Help plz About Complex

[wiselyX]

Given a=3+7i is root of the quadratic equation X^2+px+q=0, where p and q are real numbers.

Question a)Someone claims B=3-7i is also root of the equations.Yes or No ??Explain your answer

 

[Dr.Peterson]

Have you learned a theorem about complex roots of polynomials with real coefficients?

If not, there are several ways you might convince yourself in the case of a quadratic. Please either make an attempt, or just tell us what you have learned that might be useful. One such thing would be the quadratic formula; another could be the factor theorem.

 

[wiselyX]

Have you learned a theorem about complex roots of polynomials with real coefficients?

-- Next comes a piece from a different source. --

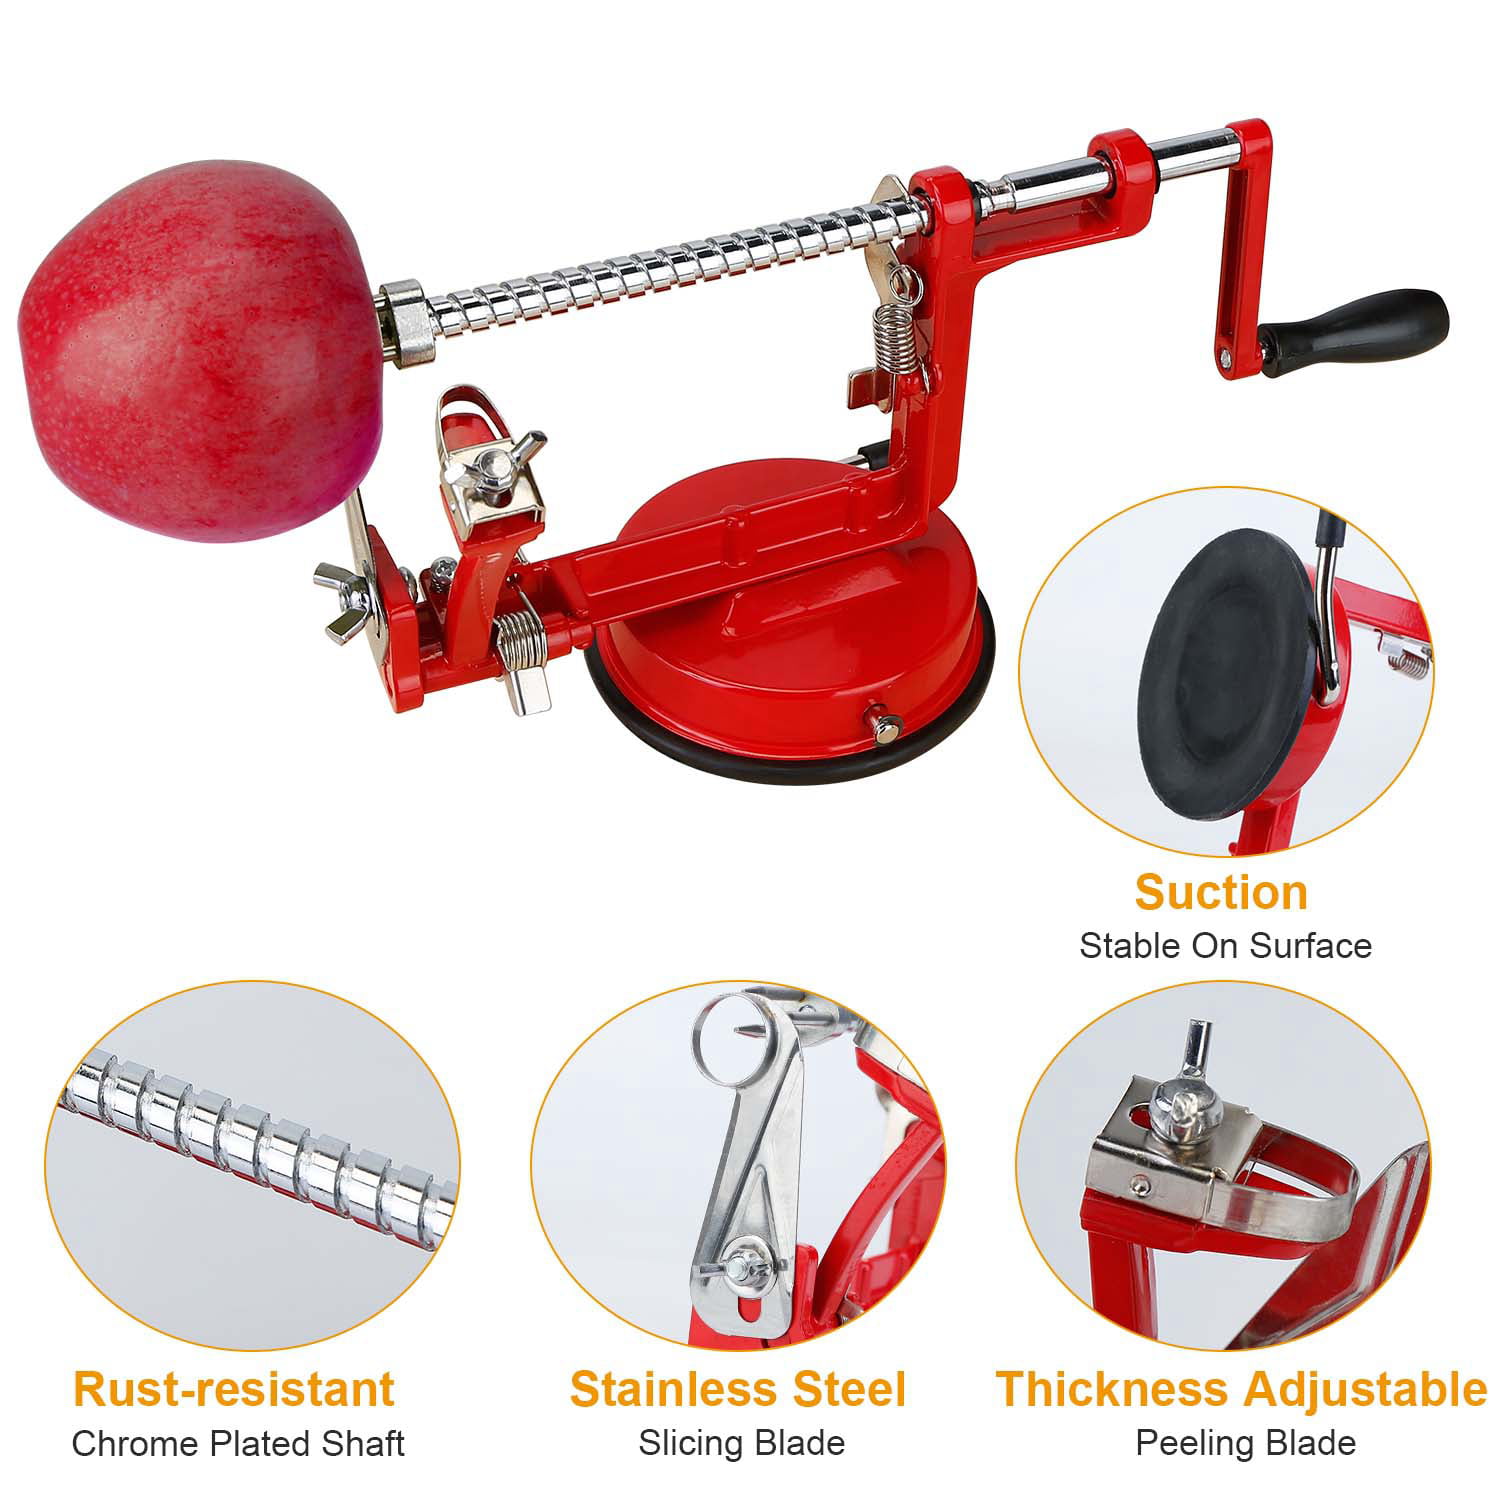 1 Apple Peeler For Kitchenaid Images, Stock Photos, 3D objects
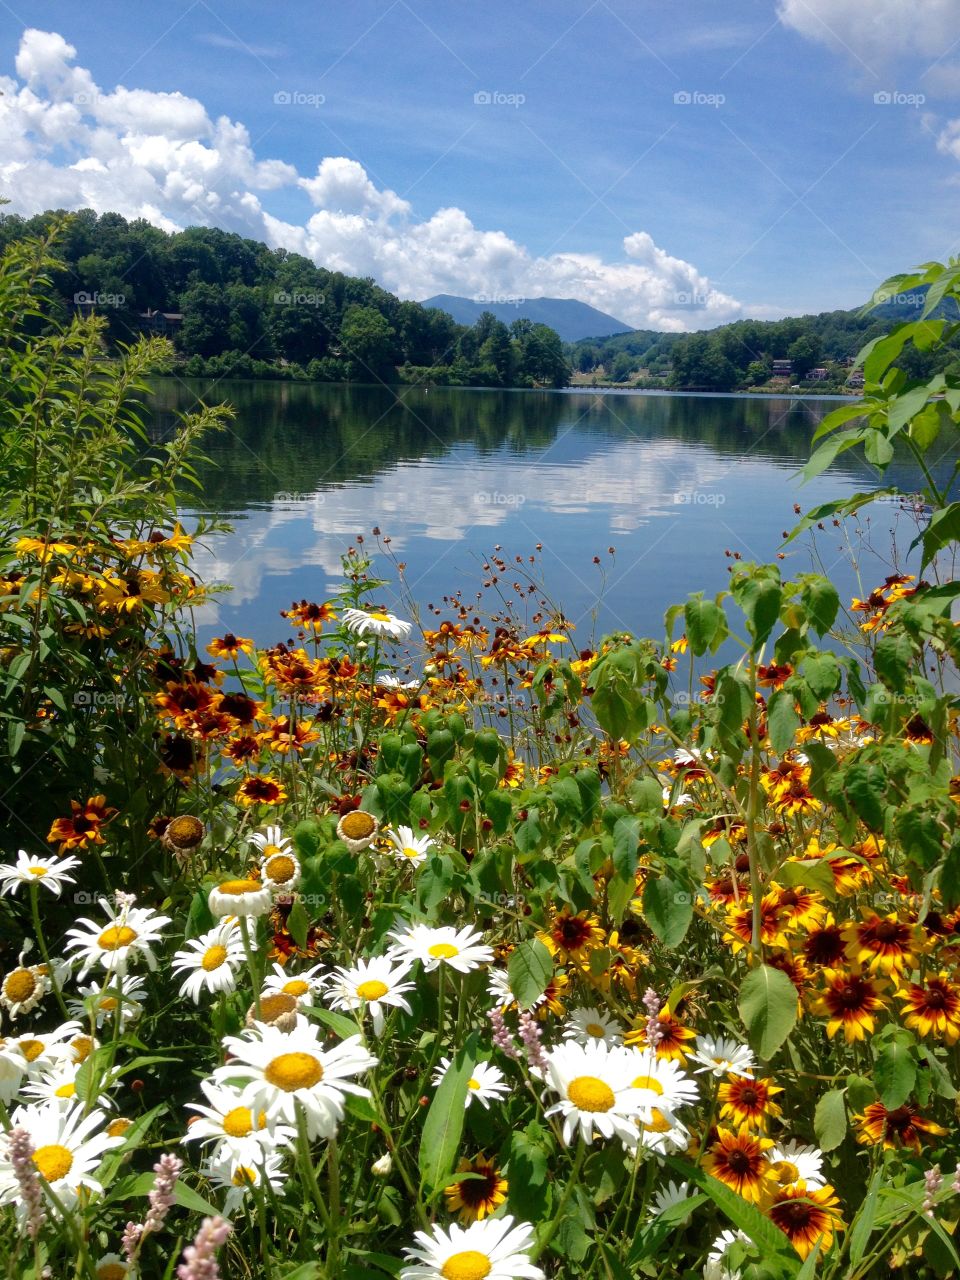 Flowers blooming near by lake

If not, there are several ways you might convince yourself in the case of a quadratic. Please either make an attempt, or just tell us what you have learned that might be useful. One such thing would be the quadratic formula; another could be the factor theorem.

Is it complex conjugate?? But it is not in my syllabus, so have other ways to solve this problem

 

[pka]

Given a=3+7i is root of the quadratic equation X^2+px+q=0, where p and q are real numbers.

Notation: suppose \(z=a+bi\) then the congregate is \(\overline{~z~}=a-bi\).
Can you show that \((x-z)(x-\overline{~z~})=x^2-2ax+a^2+b^2~?\)

 

[wiselyX]

Notation: suppose \(z=a+bi\) then the congregate is \(\overline{~z~}=a-bi\).
Can you show that \((x-z)(x-\overline{~z~})=x^2-2ax+a^2+b^2~?\)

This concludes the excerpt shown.